_Data to process:_
* * * * *
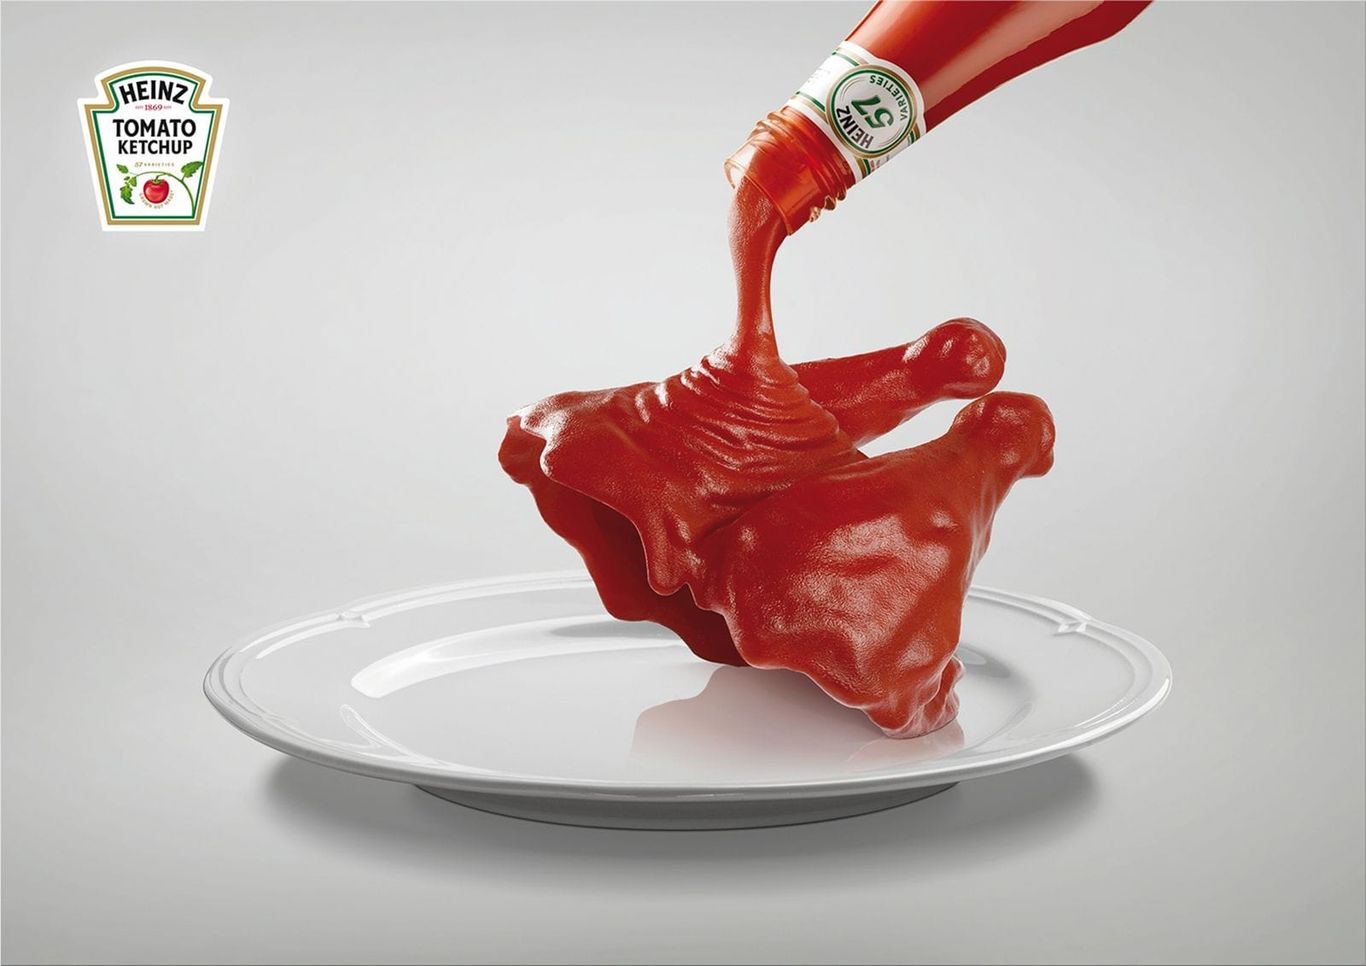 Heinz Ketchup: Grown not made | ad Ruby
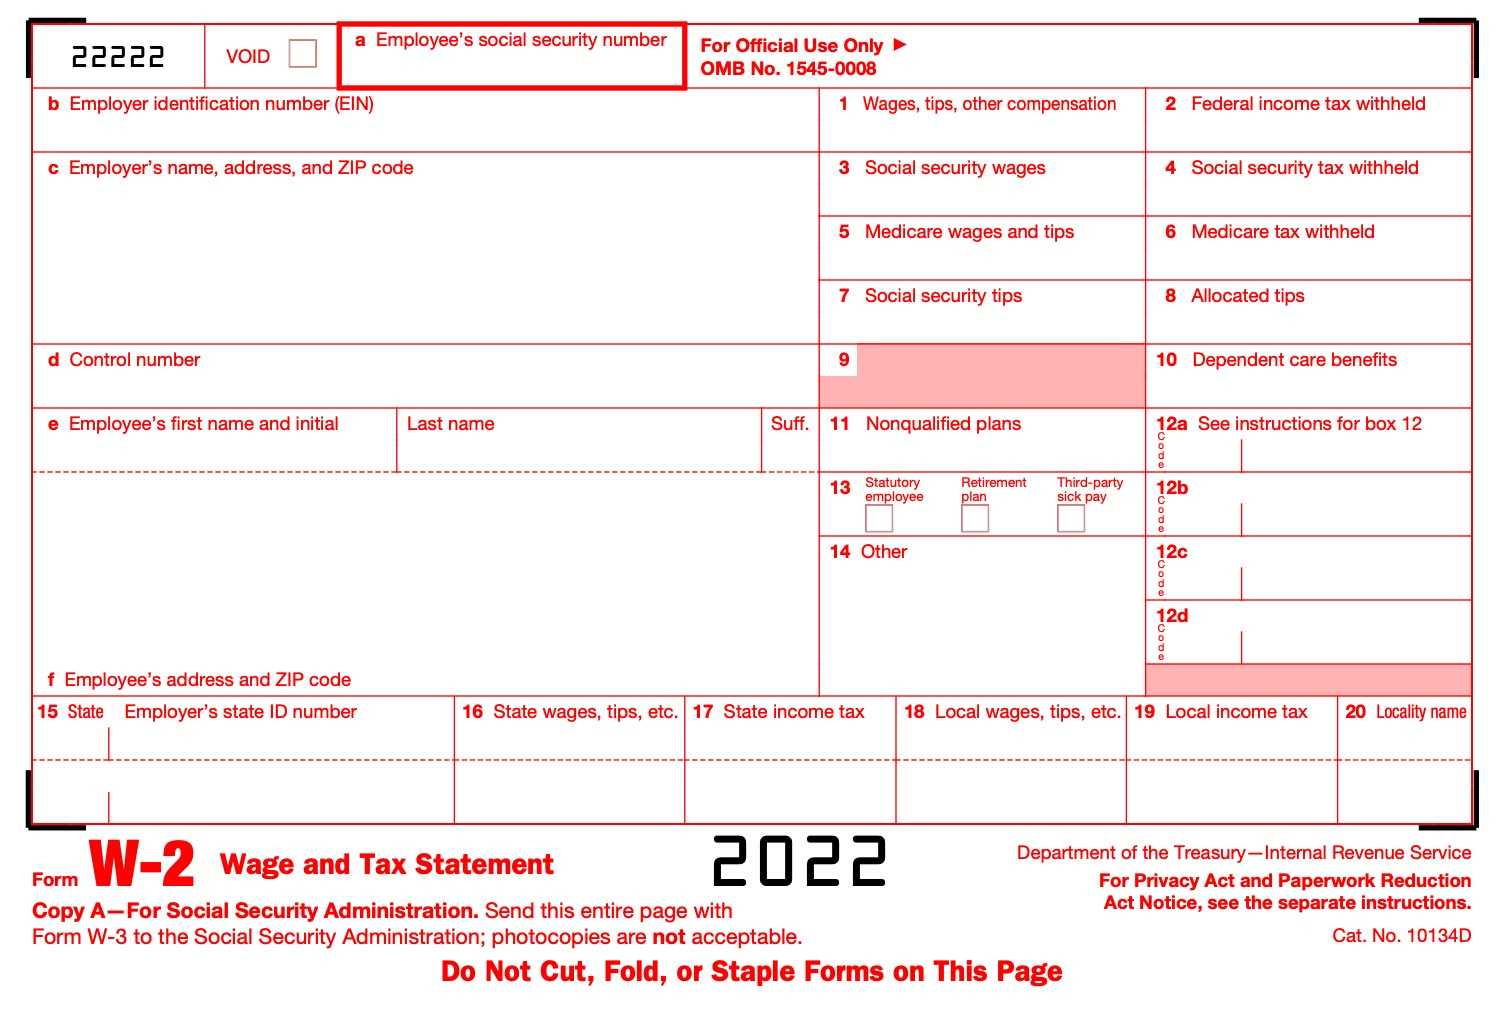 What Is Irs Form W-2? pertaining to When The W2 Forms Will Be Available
* * * * *
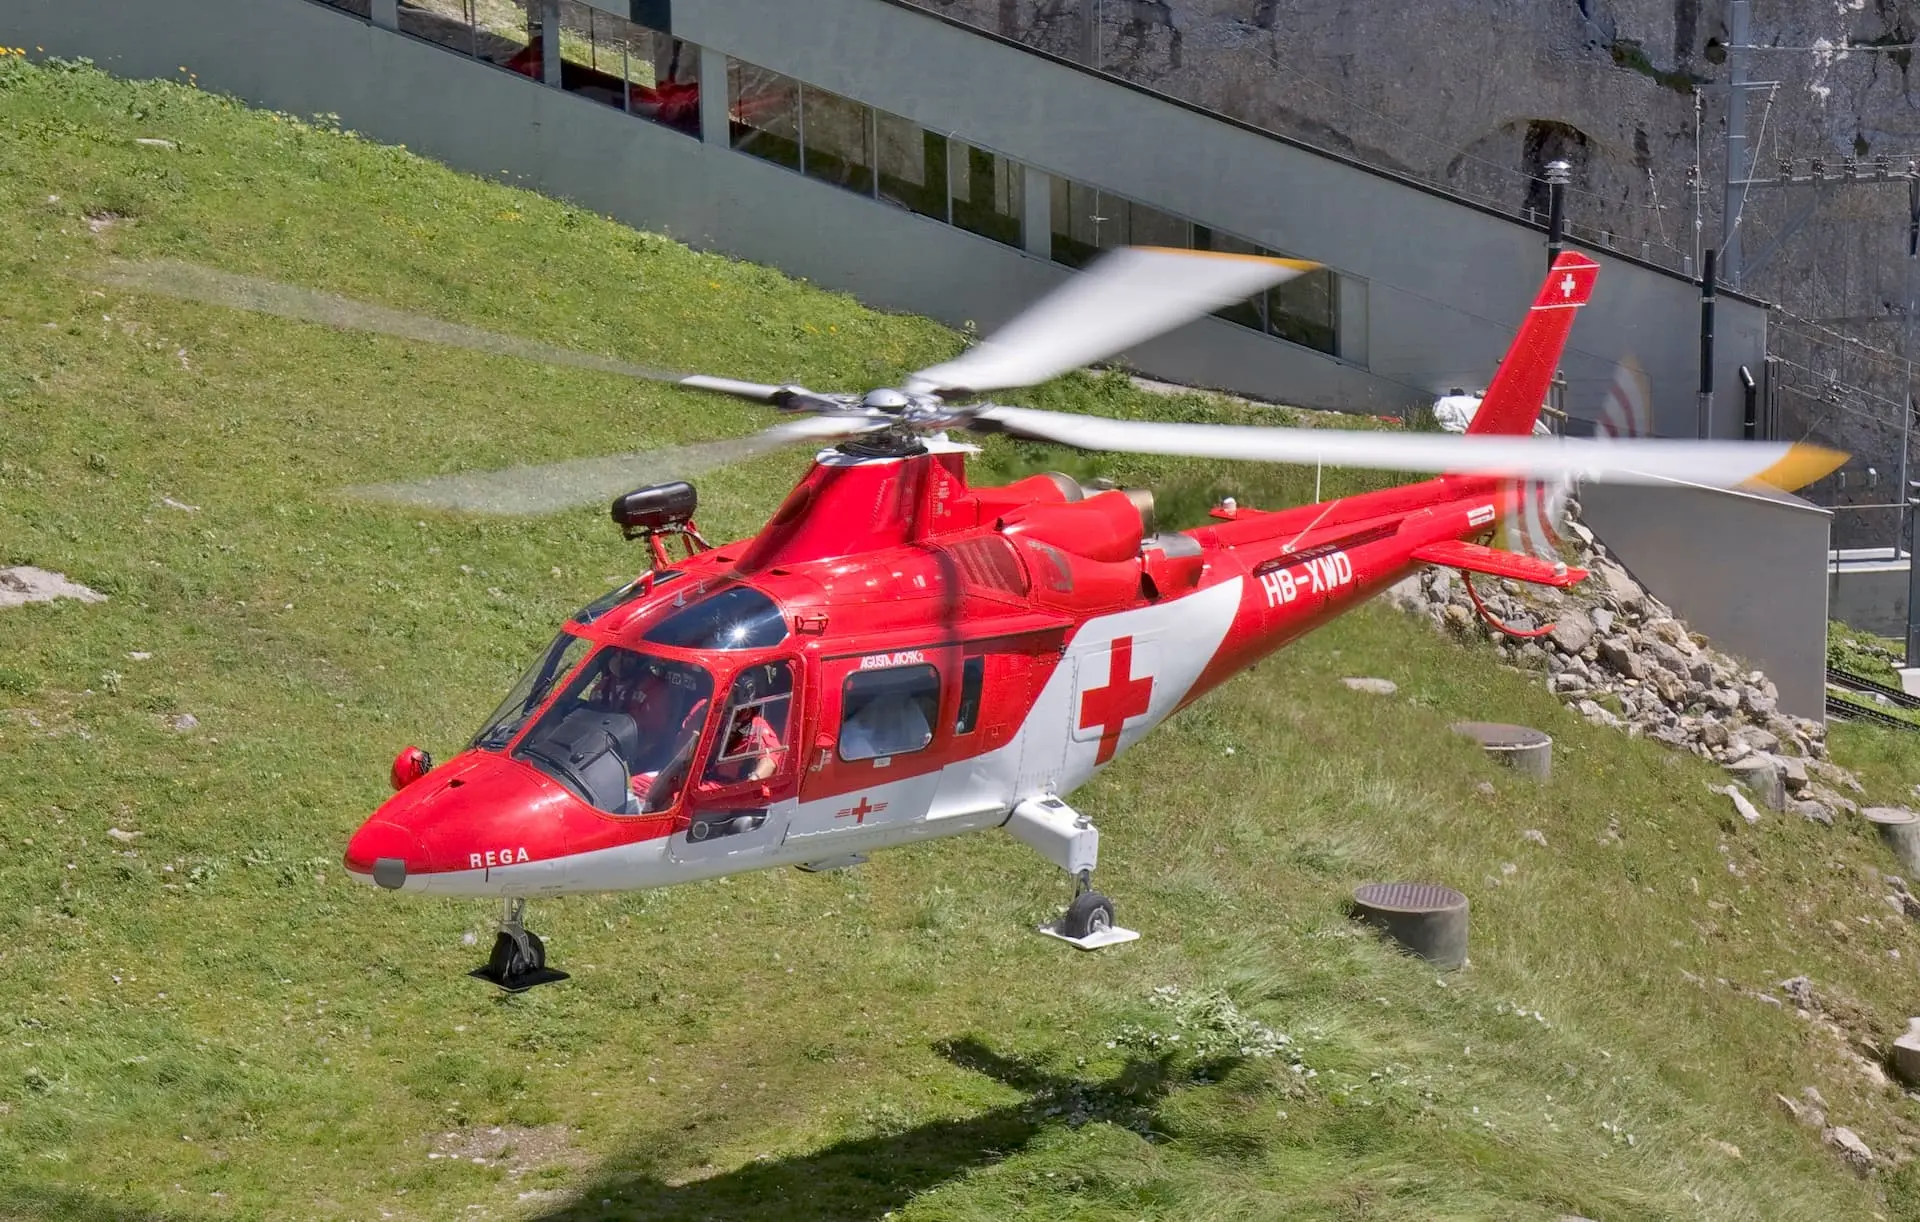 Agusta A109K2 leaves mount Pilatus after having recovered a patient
* * * * *
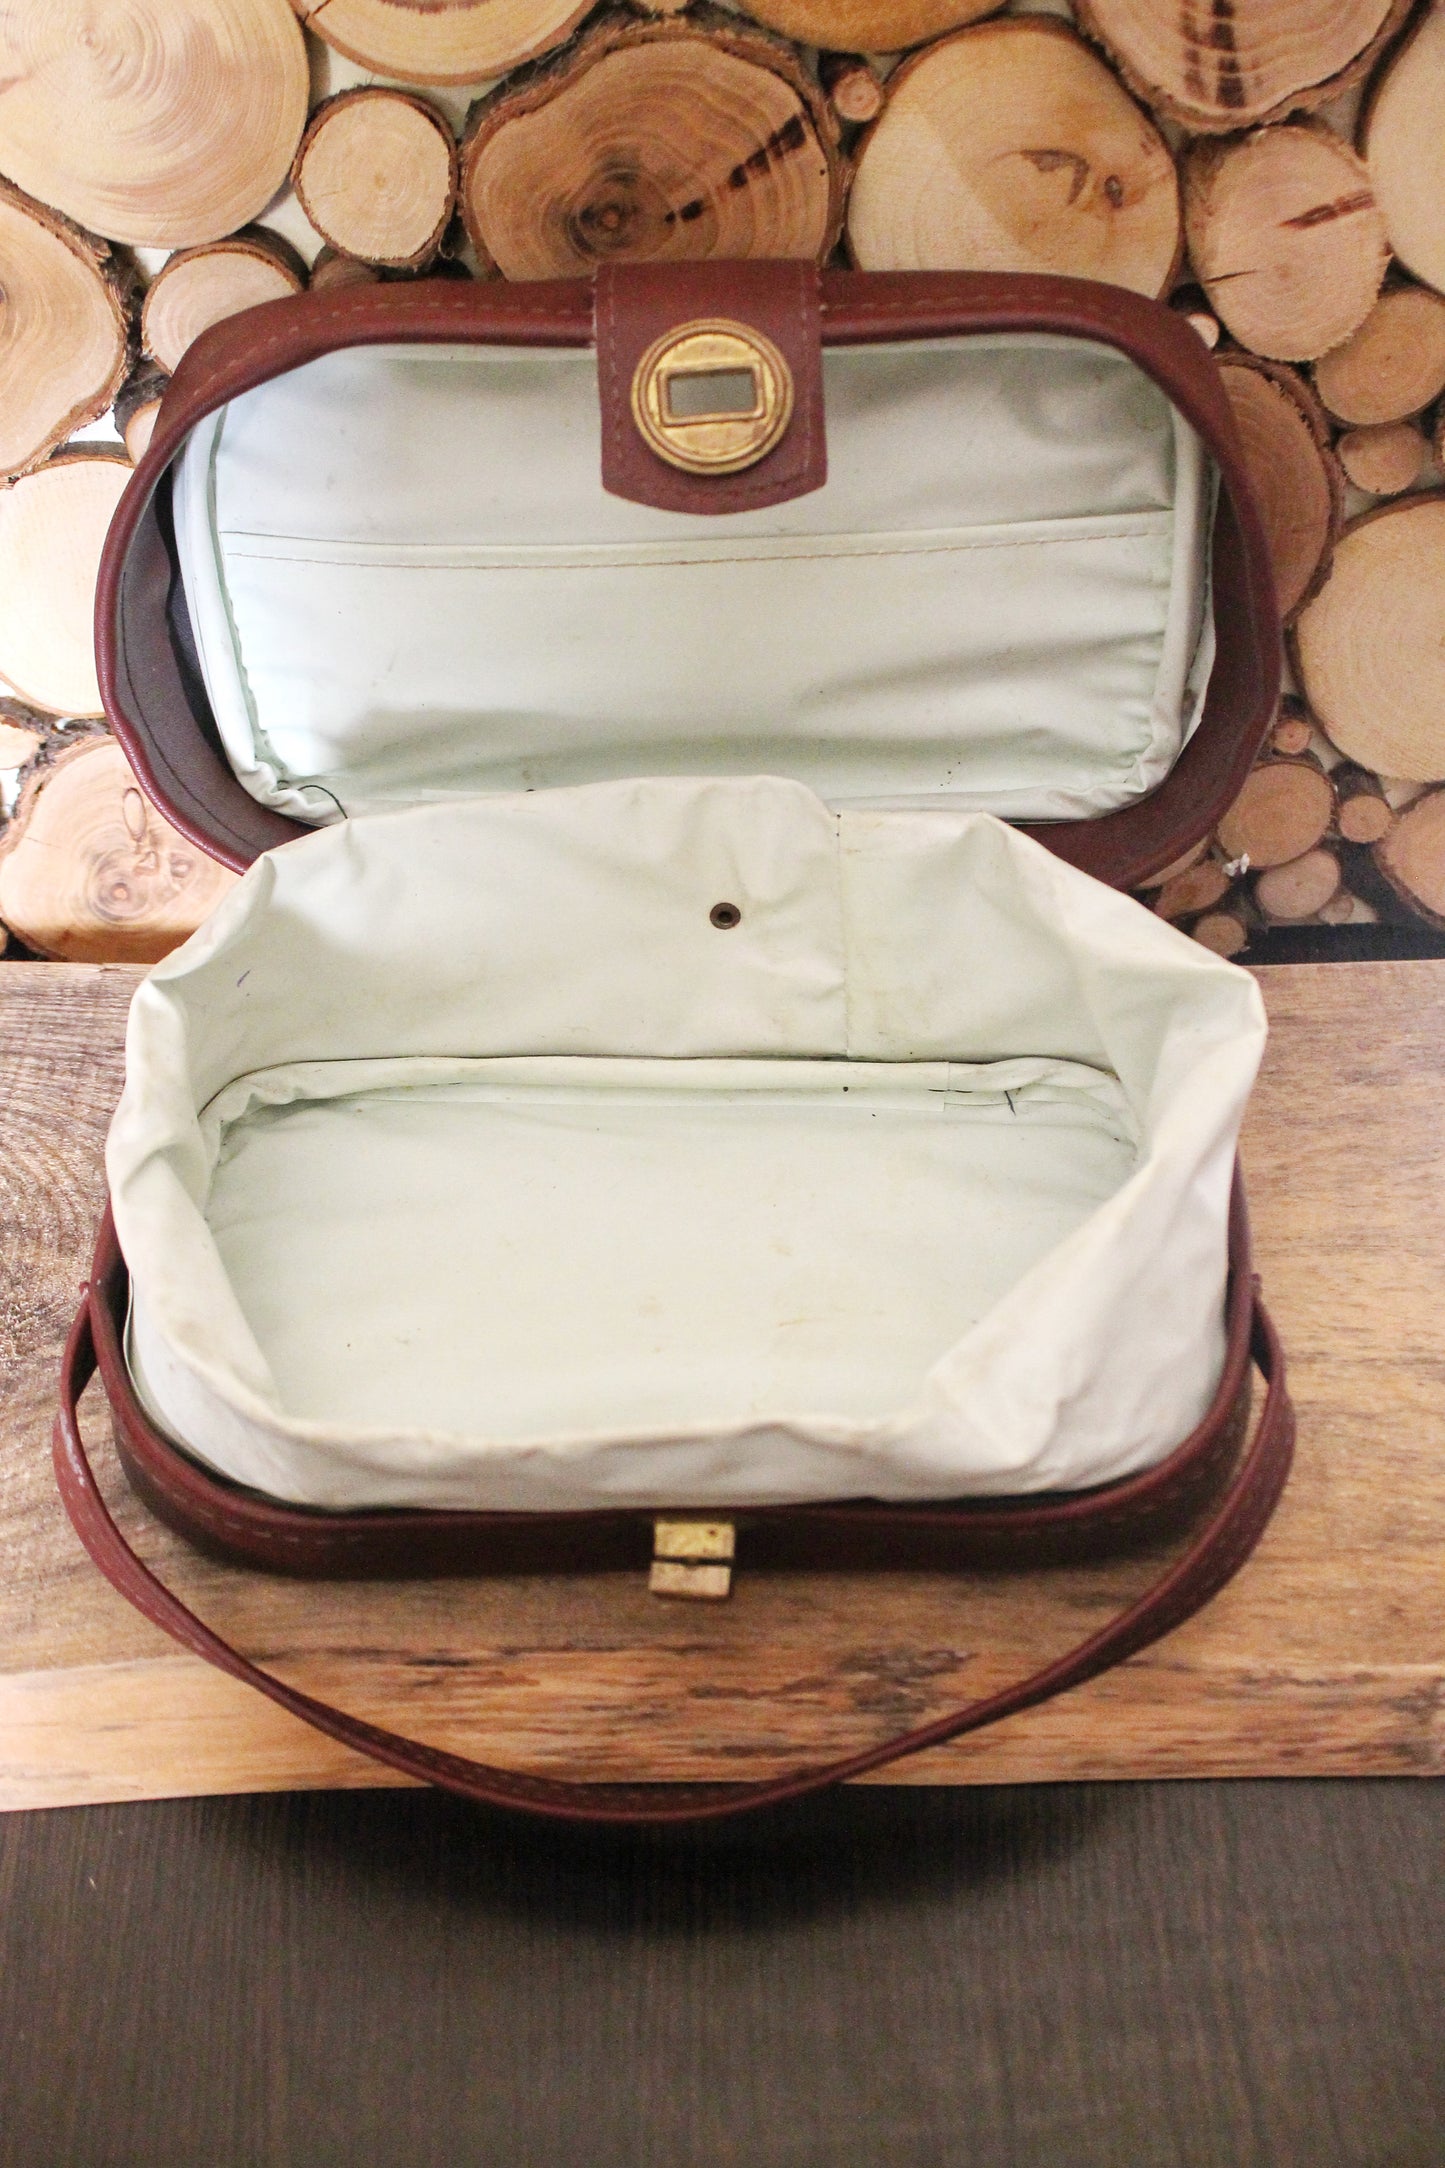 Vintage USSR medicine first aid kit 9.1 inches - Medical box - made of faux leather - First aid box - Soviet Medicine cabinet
* * * * *
_What you should do:_ Copy exactly the lines of the listing above between the one holding "Heinz Ketchup: Grown not made | ad Ruby" and the one holding "What Is Irs", inclusive; omit all pictures.

_Your response:_
 Heinz Ketchup: Grown not made | ad Ruby
 What Is Irs Form W-2? pertaining to When The W2 Forms Will Be Available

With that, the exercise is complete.